We know that our sample mean $\bar{x}$, should be close to the population mean $\mu$. 
So when giving a region of values for $\mu$ that are consistent with the observed 
data, we would expect our CI formula to be something like 
$\left(\bar{x}-d,\;\bar{x}+d\right)$ for some value $d$. That value of $d$ should 
be small if our sample size is big, representing our faith that a large amount of 
data should result in a statistic that is very close to the true value of $\mu$. 
Recall that if our data $X_{i}\sim N\left(\mu,\,\sigma^{2}\right)$ or our sample 
size was large enough, then we know

$$\bar{X}\sim N\left(\mu,\,\;\sigma_{\bar{X}}^{2}=\frac{\sigma^{2}}{n}\right)$$
or is approximately so. Doing a little re-arranging, we see that 
$$\frac{\bar{X}-\mu}{\left(\frac{\sigma}{\sqrt{n}}\right)}\sim N\left(0,1\right)$$
 

So if we take the 0.025 and 0.975 quantiles of the normal distribution, which are 
$z_{0.025}=-1.96$ and $z_{0.975}=1.96$, we could write
$$\begin{aligned}0.95	
    &=	P\left[ -1.96\le\frac{\bar{X}-\mu}{\sigma/\sqrt{n}}\le1.96 \right] \\
	  &=	P\left[ -1.96\left(\frac{\sigma}{\sqrt{n}}\right)\le\bar{X}-\mu\le1.96\left(\frac{\sigma}{\sqrt{n}}\right) \right] \\
    &=	P\left[ \bar{X}-1.96\left(\frac{\sigma}{\sqrt{n}}\right)\le\mu\le\bar{X}+1.96\left(\frac{\sigma}{\sqrt{n}}\right) \right]
    \end{aligned}$$
 Which suggests that a reasonable 95% Confidence Interval for $\mu$ is $$\bar{x}\pm1.96\left(\frac{\sigma}{\sqrt{n}}\right)$$
In general for a $\left(1-\alpha\right)\cdot100\%$ confidence interval, we would 
use the formula $\bar{x}\pm z_{1-\alpha/2}\left(\frac{\sigma}{\sqrt{n}}\right)$. 
Notice that I could write the formula using $z_{\alpha/2}$ instead of $z_{1-\alpha/2}$ 
because the normal distribution is symmetric about 0 and we are subtracting and 
adding the same quantity to $\bar{x}$.

The interpretation of a confidence interval is that over repeated sampling, 
$100(1-\alpha)\%$ of the resulting intervals will contain the population mean $\mu$
but we don't know if the interval we have actually observed is one of the good 
intervals that contains the mean $\mu$ or not.
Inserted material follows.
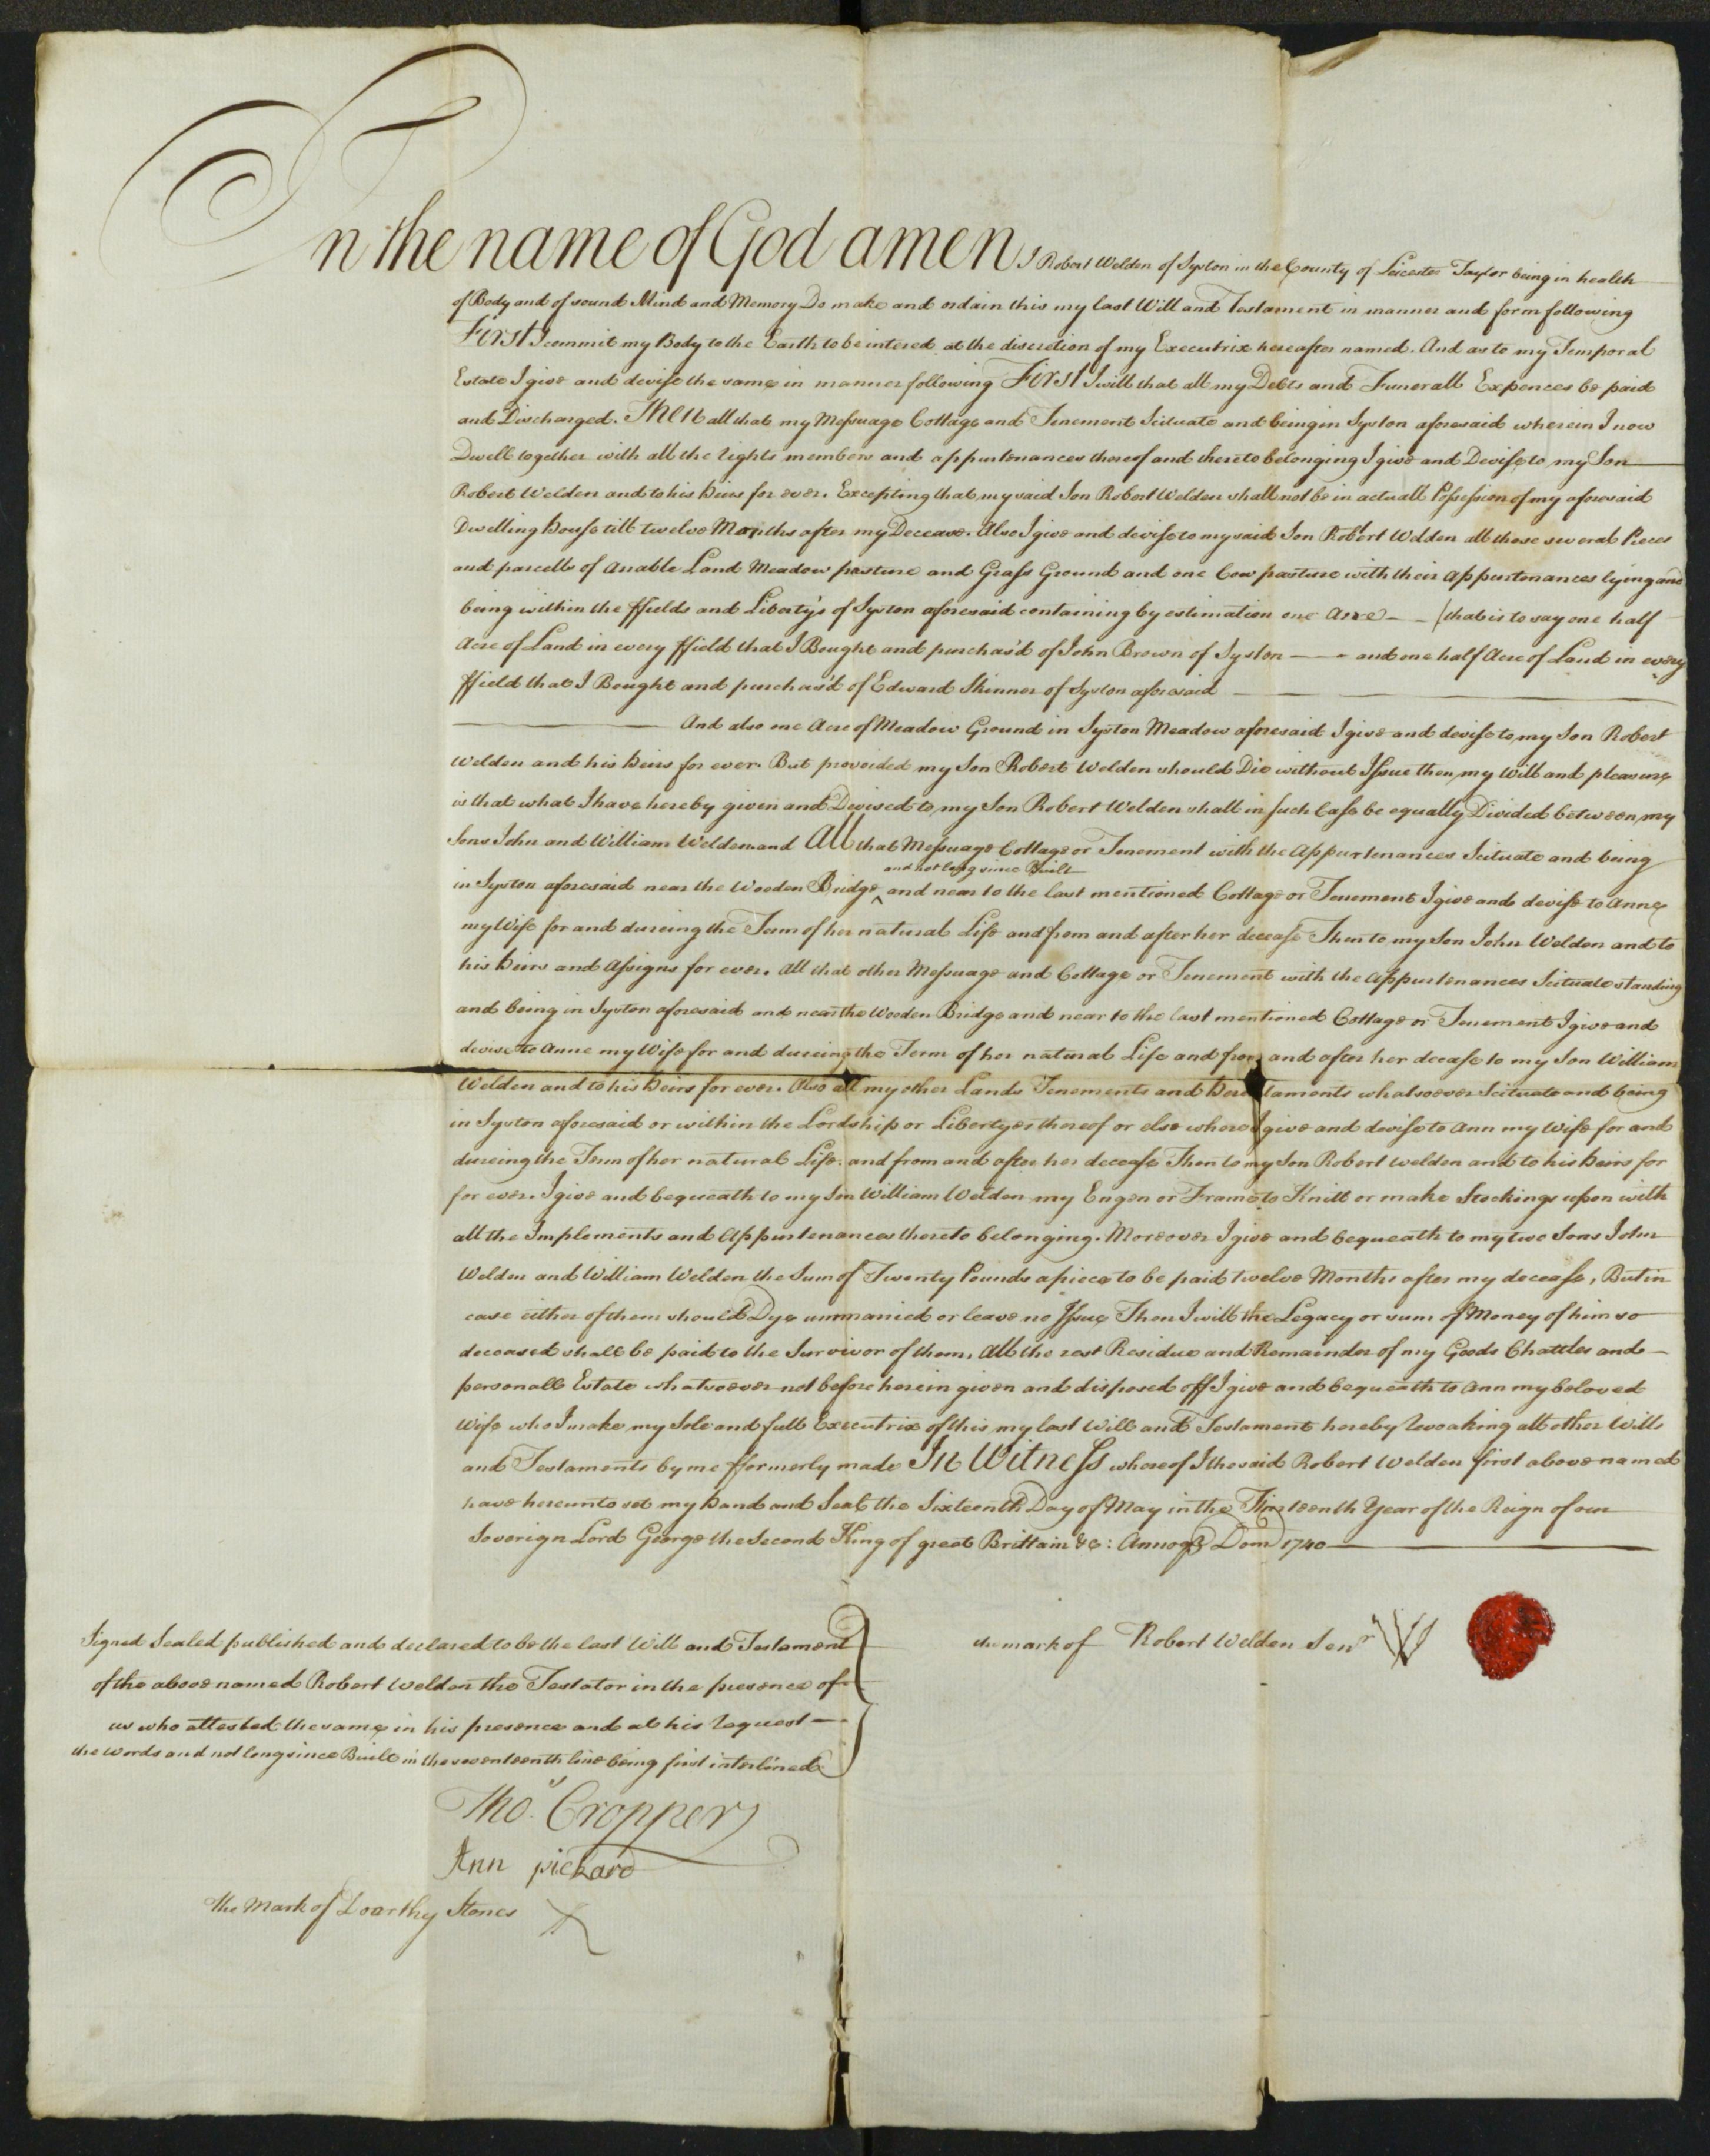 Robert's will of 1740

Because this is quite the mouthful, 
we will say “we are $100\left(1-\alpha\right)\%$ confident that the observed 
interval contains the mean $\mu$.”

**Example:** Suppose a bottling facility has a machine that supposedly fills 
bottles to 300 milliliters (ml) and is known to have a standard deviation of 
$\sigma=3$ ml. However, the machine occasionally gets out of calibration and might 
be consistently overfilling or under-filling bottles. To discover if the machine 
is calibrated correctly, we take a random sample of $n=40$ bottles and observe 
the mean amount filled was $\bar{x}=299$ ml. We calculate a $95\%$ confidence 
interval (CI) to be 
$$\begin{aligned} \bar{x}	&\pm	z_{1-\alpha/2}\left(\frac{\sigma}{\sqrt{n}}\right)\\
                   299	  &\pm	1.96\left(\frac{3}{\sqrt{40}}\right) \\
                   299	  &\pm	0.93 \end{aligned}$$
and conclude that we are $95\%$ confident that the that the true mean fill amount 
is in $\left[298.07,299.93\right]$ and that the machine has likely drifted off 
calibration.

## Asymptotoic result ($\sigma$ unknown)

It is unrealistic to expect that we know the population variance $\sigma^{2}$ but 
do not know the population mean $\mu$. So in calculations that involve $\sigma$, 
we want to use the sample standard deviation $s$ instead. 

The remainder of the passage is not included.